Mein nächstes Ziel ist die Pfarre Kleinmünchen, St. Quirinus. Es geht über die Traunbrücke. Diagonal wandere ich über die Wiesen und die Höfe in Richtung des Kirchturms. Eine wirklich große Kirche wurde hier 1907 in der Zeit der Prosperität errichtet. Sie ist zugesperrt, weil es immer wieder Vorfälle gibt, steht auf einem Zettel. Der Schlüssel kann im Pfarrhof geholt werden. Das tue ich. Ich läute an. Der Pfarrer öffnet mir und ist etwas überrascht. Erst im zweiten Hinschauen erkennt er mich und lädt mich gleich ein. Wir sitzen im Pfarrbüro und plaudern über die Situation. „1972 bin ich hierher gekommen und wir hatten in diesen Jahren jeweils um die 270 Erstkommunionkinder. Heuer sind es 8. Es schmerzt, wenn man zuschauen muss, wie die Pfarre hier immer weniger wird, weil es eine bestimmte Siedlungspolitik gibt“, ist der Pfarrer etwas mutlos. Es werden hier hauptsächlich Muslime und Afrikaner angesiedelt, ist die Wahrnehmung des Pfarrers. Auch die Aufgaben des Stiftes St. Florian sind ob der Fülle auf Dauer kaum zu bewerkstelligen. Diese Wahrnehmung trage ich mit und sie beschäftigt mich bis Auwiesen, ein Gebiet, das früher zu Kleinmünchen gehört hat.

„Ich muss raus und da bin ich herüber gegangen“

Zerst der Straßenbahn entlang, dann dem Bach und schließlich der Fabriksschlot. Das ist die Kirche Marcel Callo in der ehemaligen Fabrik. Oft war ich schon da und verschiedensten Gruppen oder Einzelpersonen wird diese Pfarre als „Vorzeigepfarre“ und als Besonderheit aufgetischt. In der Kirche steht eine Krippe und eine Kerze brennt. Daran entzünde ich meine Kerze, die ich immer anzünde, wenn es die Gelegenheit dazu gibt. Alles ist sehr liebevoll geschmückt und arrangiert. Im Pfarrstüberl brennt Licht und ich schaue, ob es einen Kaffee gibt. „Gerne“ meint die Gastgeberin und ich setze mich zu einer Besucherin, die ihr Getränk vor sich stehen hat. „Wissens, ich habe einmal raus müssen und da gehe ich gerne hierher in die Pfarre“, begründet sie ihr Dasein. Sie erzählt von den vielen Veranstaltungen und vor allem von den „künsterlerischen Aktivitäten“.  Eine gute Atmosphäre und sicherlich ein guter Platz für Begegnungen. Mein Visitenkarterl soll dem Pfarrer „beweisen“, dass ich wieder einmal da war, diesmal zu Fuss.

Die Dämmerung wirft ein besonderes Licht

Wieder ist die Autbahn im Weg, wenn man von Auwiesen hinüber zum Guten Hirten muss.
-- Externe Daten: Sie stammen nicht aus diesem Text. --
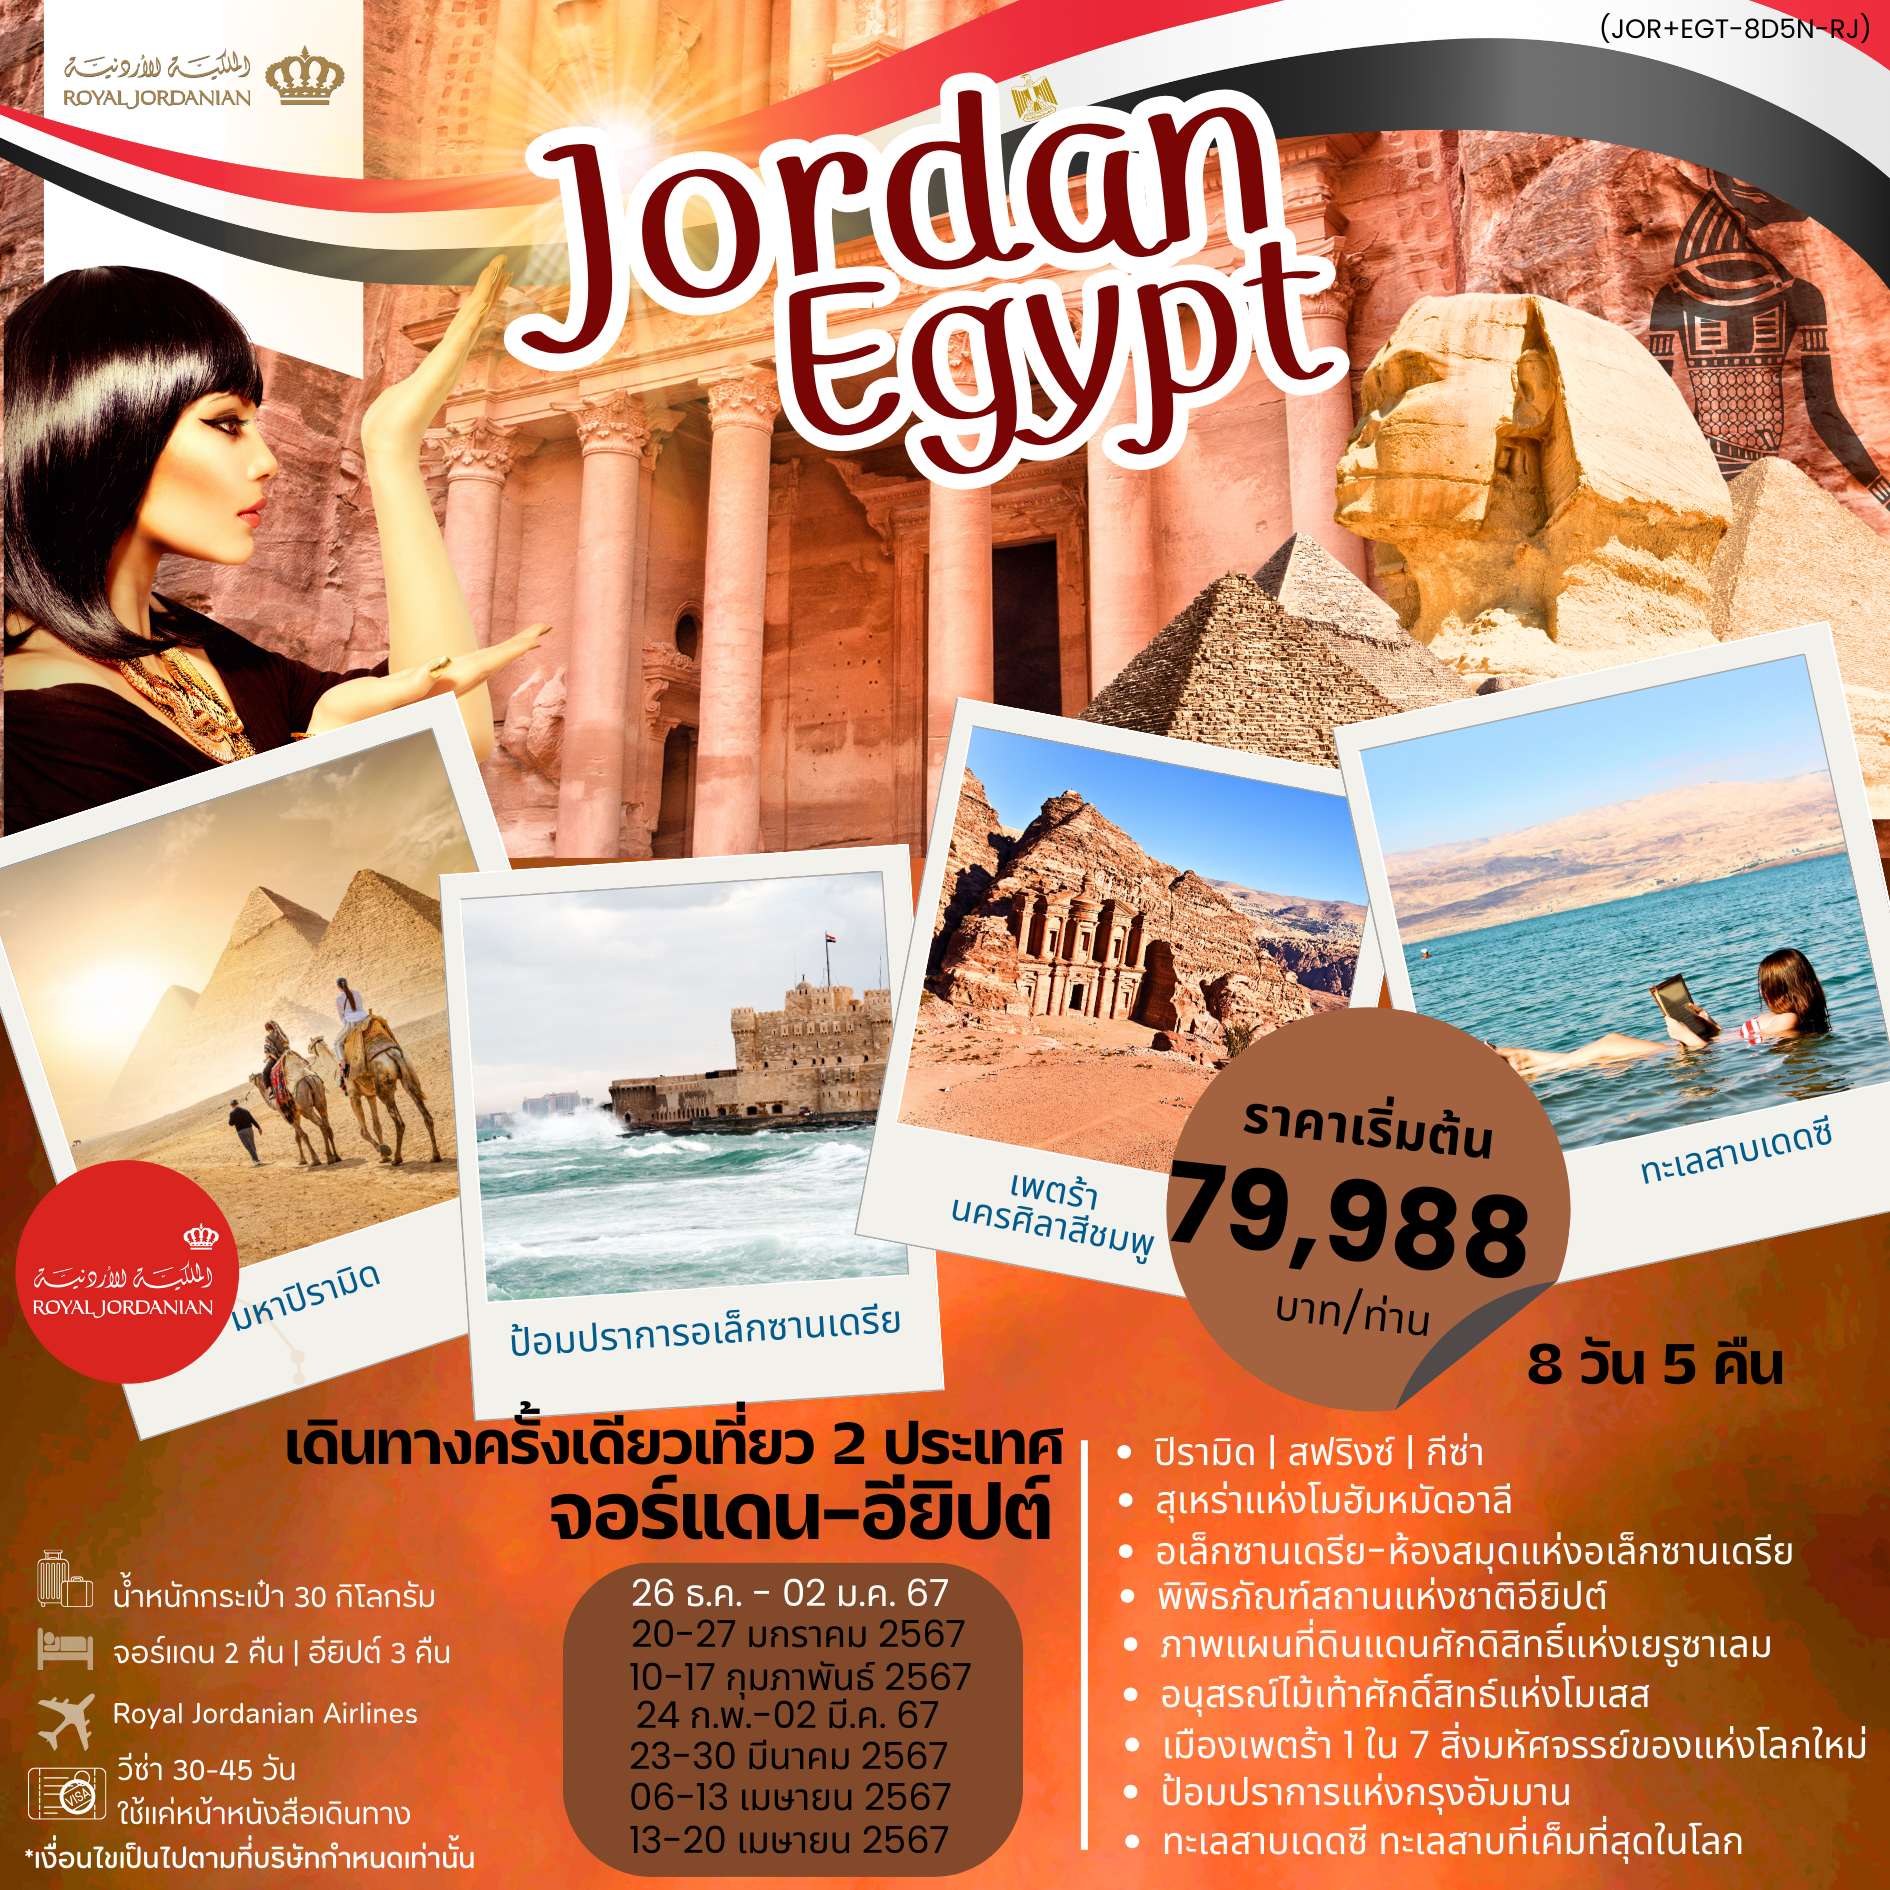 JORDAN EGYPT จอร์แดน อียิปต์ 8D5N by RJ

Eine Frau sagt mir aber, dass gleich hinter dem Bad eine Unterführung ist. Noch nie gesehen und schon x-mal drüber gefahren. Eben alles eine Frage der Perpektive. Es ist sehr dunkel, als ich das Pfarrzentrum Guter Hirte erreiche, 1977 eingeweiht. In der Kirche macht der gut erleuchtete Weihnachtsbaum Licht. Ich sitze lange, weil es auch für eine Kirche gut warm ist. Im Vorraum laden viele Prospekte und Schriften zum Schmöckern. Im Pfarrhof selber ist mittlerweile Licht geworden und so trete ich ein, bis ich den Pfarrer bei einem Beratungsgespräch störe. Grüß Gott wollte ich ihm in jedem Fall sagen, wo ich mit ihm doch einige Jahre in der Laientheologen-Begleitung gearbetet habe. Seit gut eine halben Stunde weiß  ich, dass St. Franziskus mein heutiges Ziel ist.

Gefühle vom Assisi-Gehen finden hier ihren Platz

Mittlerweile ist es ganz finster geworden, dh. soweit man in der Stadt überhaupt von Finsternis reden kann. Mit Pfarrer Josef Wimmer habe ich vorher telefoniert und er hat mich herzlich zu sich eingeladen. Er kommt vom Schifahren mit den Neffen. Ich feiere die Abendmesse mit. St. Franziskus – viele Gefühle werden hier wachgerufen und fallen in eine gute Stimmung. Nach der Messe sitzen wir bei der Jause und trinken auch ein Gläschen Wein. Wir besprechen nicht nur die Situation der Pfarre, sondern darüber hinaus auch die der Diözese. Josef war lange Jahre Fachinspektor für AHS im Schulamt. Es gibt jede Menge zu erzählen und so muss das Blog-Schreiben bis jetzt warten.

Was ich zum Überlegen mitnehme?

Kirche hat in der Vergangenheit immer bauliche Akzente gesetzt, die sicherlich irritiert haben. Wird die Körpersprache der neuen Gebäude verstanden oder nur als „fremd“ erlebt?